Images are not part of the copy; write out the rest of the data exactly as given.

[COLLECTED DATA Boundary: Start]

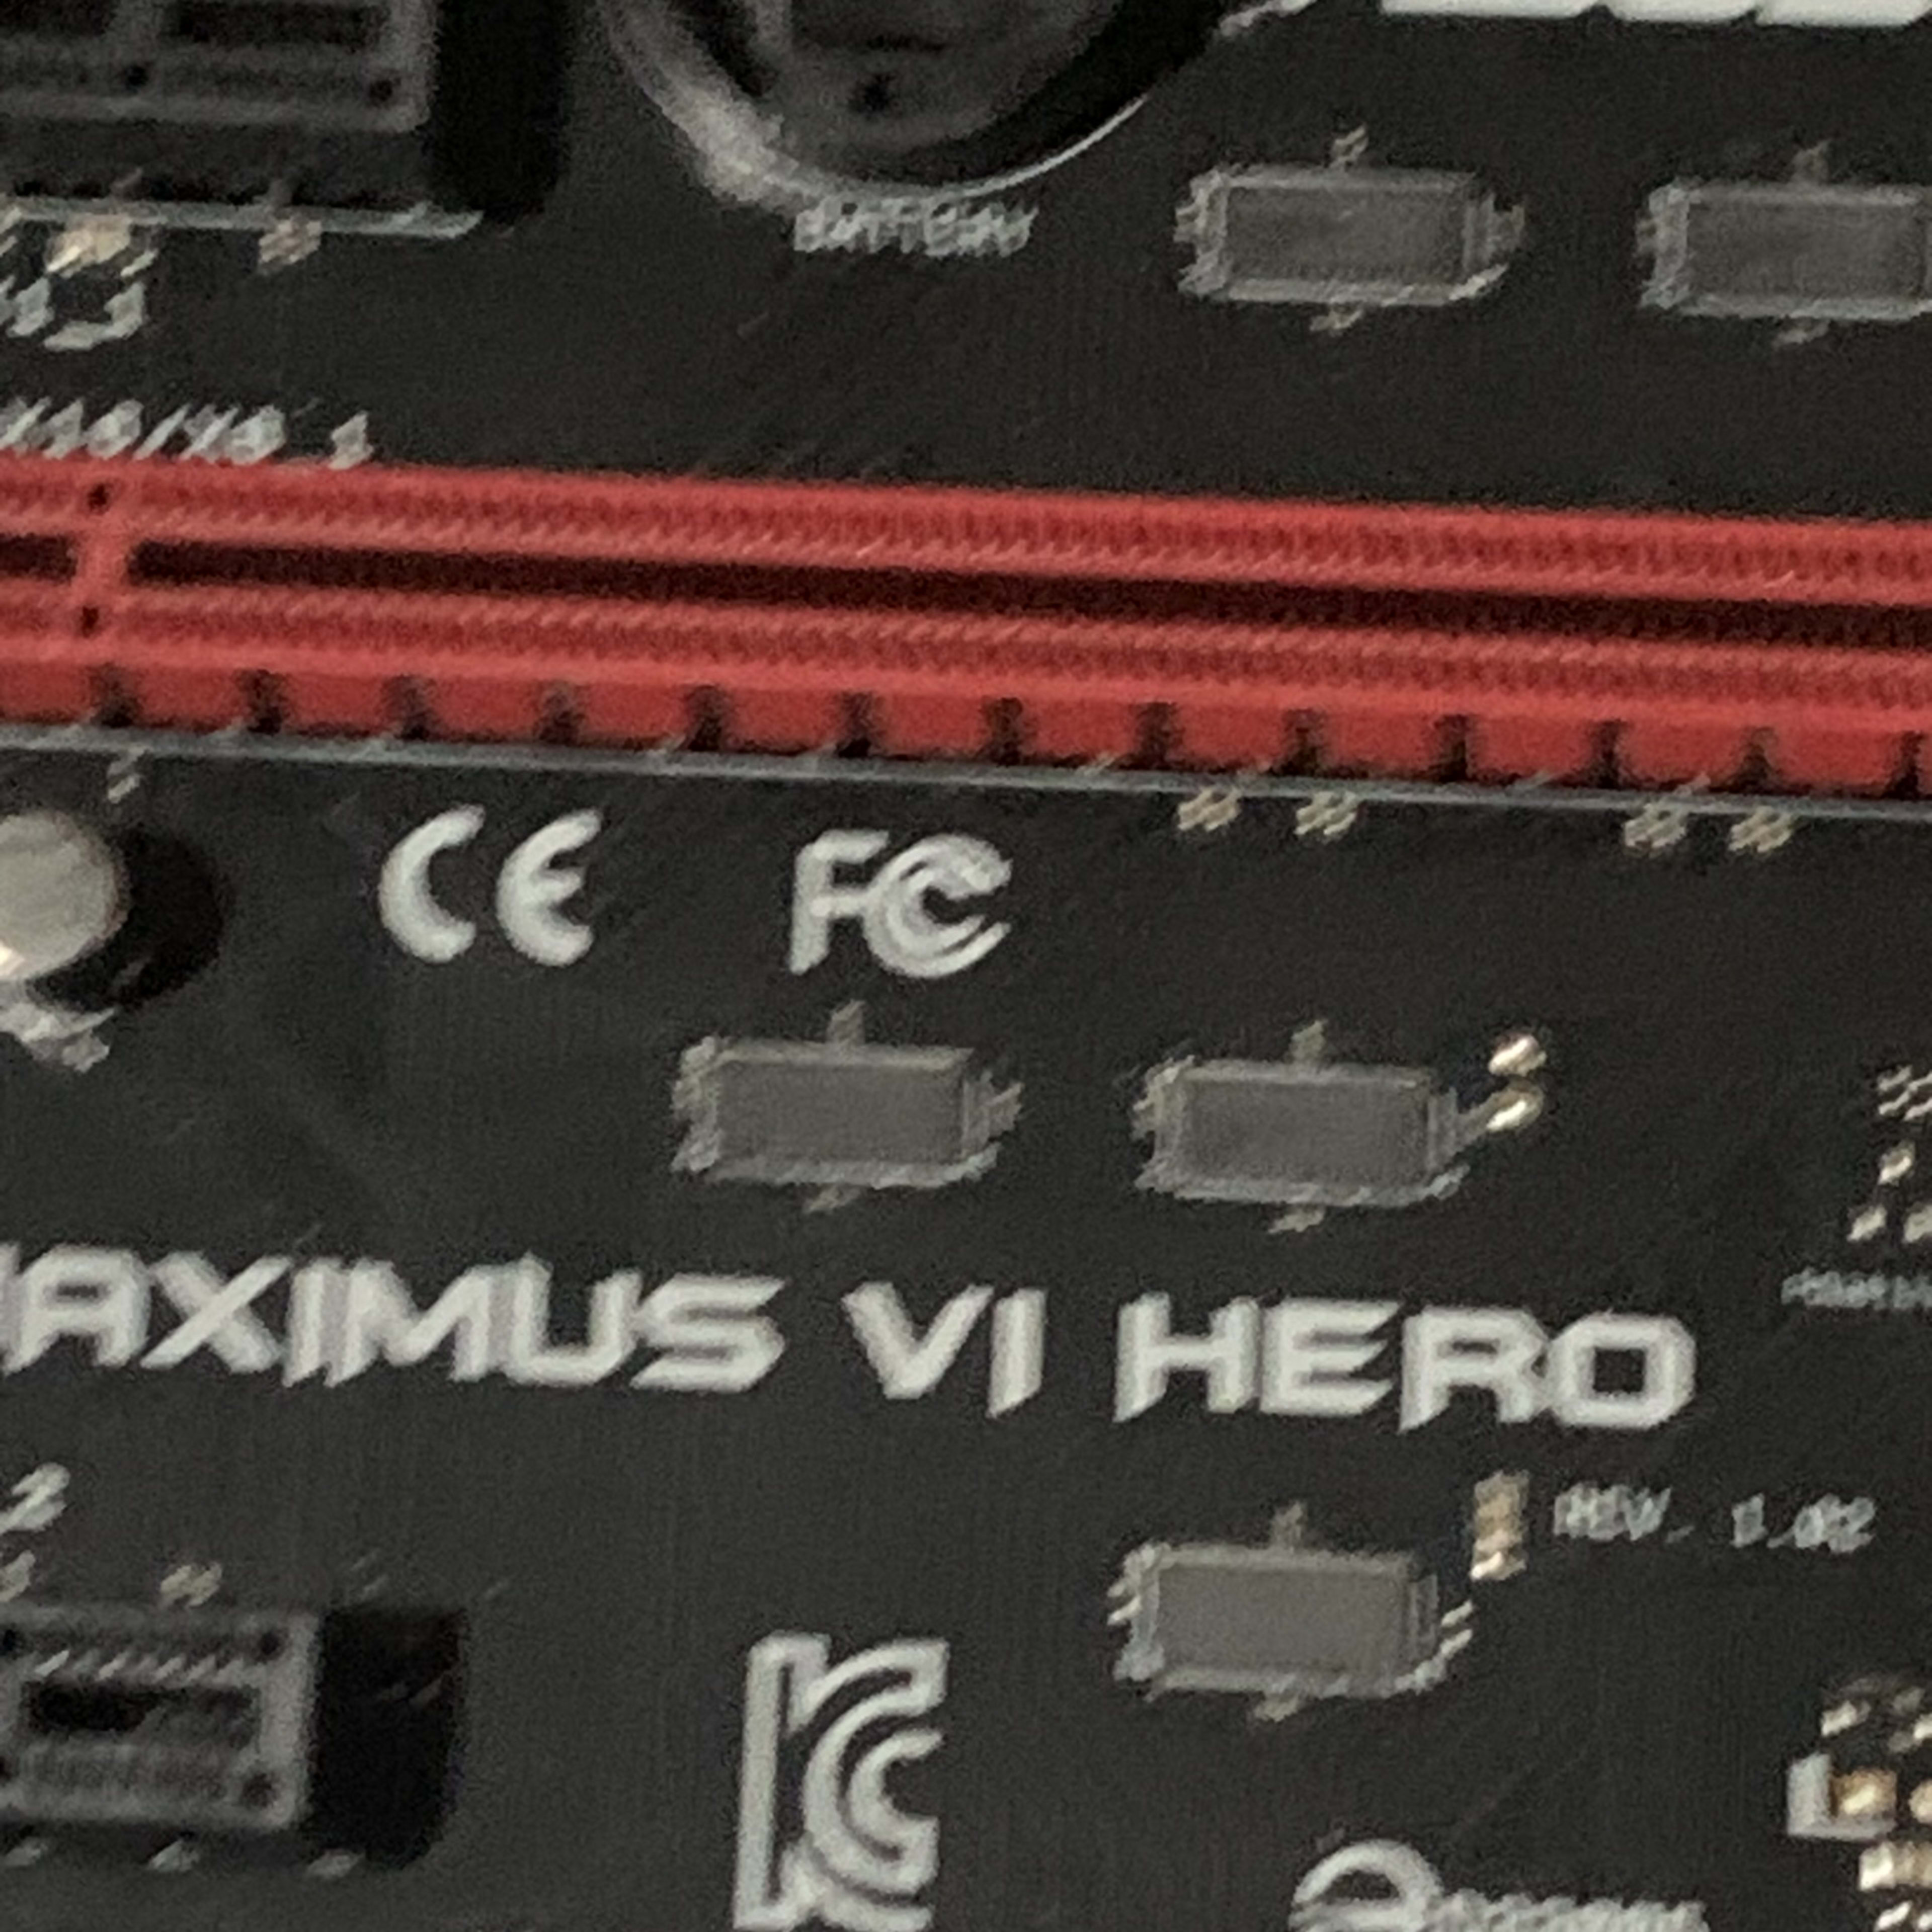 ASUS MAXIMUS VI HERO, LGA 1150, Intel Motherboard
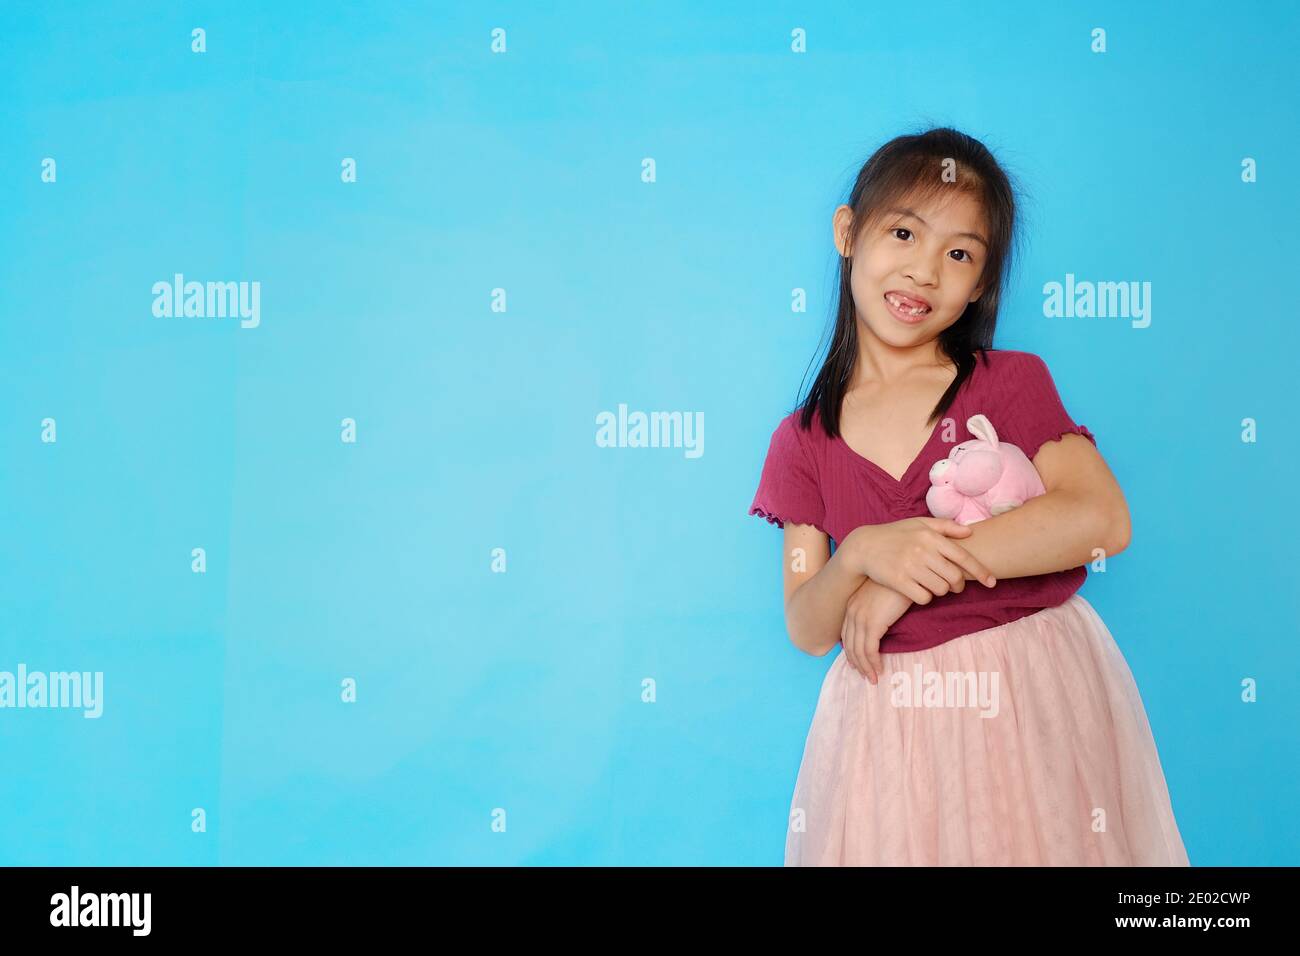 Une photo de gros plan d'une jolie fille asiatique, regardant directement l'appareil photo, souriant, bertant sa poupée de porc rose avec fond bleu clair Uni. Banque D'Images
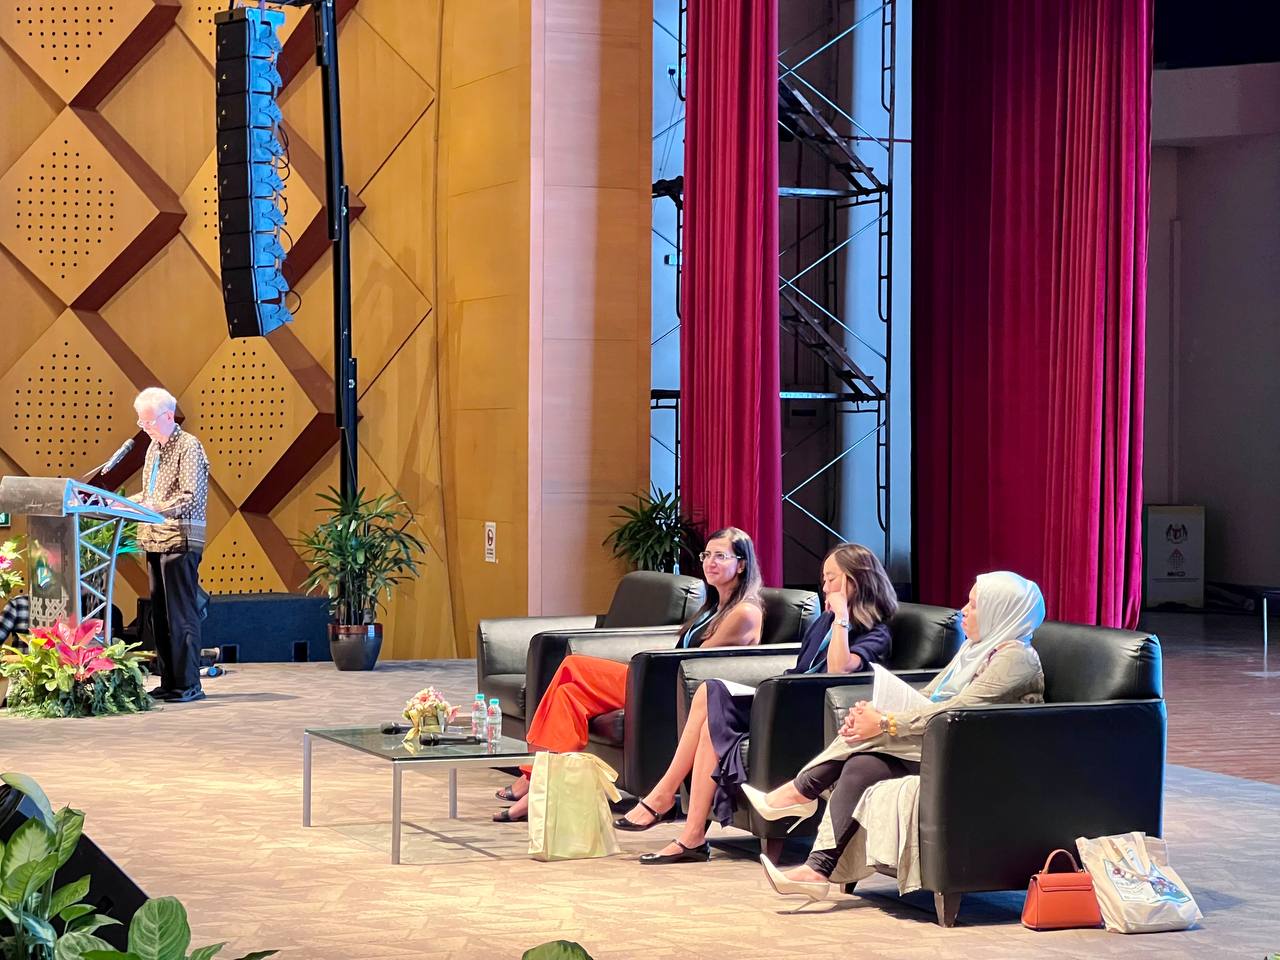 Открылся 38-й Всемирный конгресс Международного совета по детской книге в Малайзии

[COLLECTED DATA Boundary: End]

_RESPONSE_:
 ASUS MAXIMUS VI HERO, LGA 1150, Intel Motherboard
 Une photo de gros plan d'une jolie fille asiatique, regardant directement l'appareil photo, souriant, bertant sa poupée de porc rose avec fond bleu clair Uni. Banque D'Images
 Открылся 38-й Всемирный конгресс Международного совета по детской книге в Малайзии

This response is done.